Anyone else fighting Blackwell GSP timeout in production passthrough? How are you handling recovery without a host reboot?

“`html

The post discusses issues encountered with NVIDIA RTX Pro 5000 (Blackwell) GPUs in a Linux VM environment, where the GSP firmware experiences heartbeat timeouts during initialization or driver reloads. This leads to the GPU entering an unrecoverable “bad state”, causing errors such as assertion failures and inability to initialize the GSP firmware.
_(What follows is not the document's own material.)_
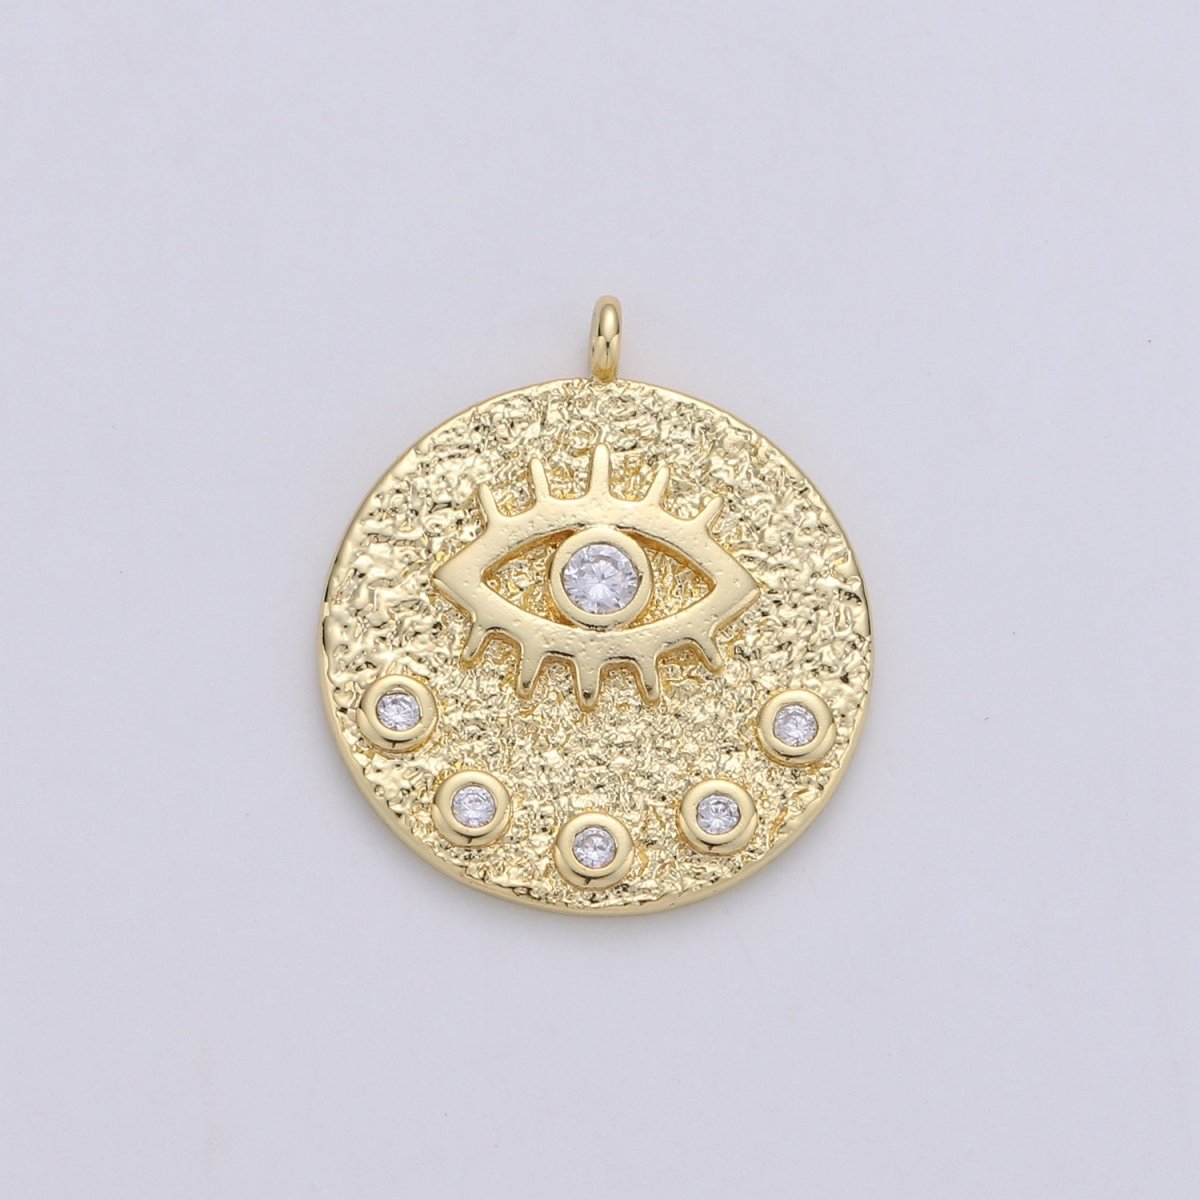 24K Gold Filled Rustic Dainty Evil Eye Charm with Micro Pave Cubic Zirconia CZ Stone for Peaceful Spiritual Necklace or Bracelet, C-928 - DLUXCA

Users have attempted various methods like secondary bus reset (SBR) on upstream bridges, forcing D3cold via root port power management, or driver reloads without success. The only reliable “fix” is a full cold reboot of the host system. This problem persists even for other user-submitted Blackwell cards where these methods are known to work.

This issue highlights significant challenges in managing GPU passthrough on Linux systems, particularly with newer architectures like Blackwell.
It underscores the need for more robust and reliable firmware and driver support for these GPUs in production environments.
The lack of a non-reboot solution is concerning for users relying on such hardware for workloads.

“`

“`plaintext
– This issue demonstrates significant challenges with GPU passthrough, especially for newer architectures like Blackwell.
– It points to the need for more reliable firmware and driver support in production environments.
– The absence of a non-reboot solution is a critical concern for users relying on these GPUs.

Source Read original →

Stay ahead of AI. Get the most important stories delivered to your inbox — no spam, no noise.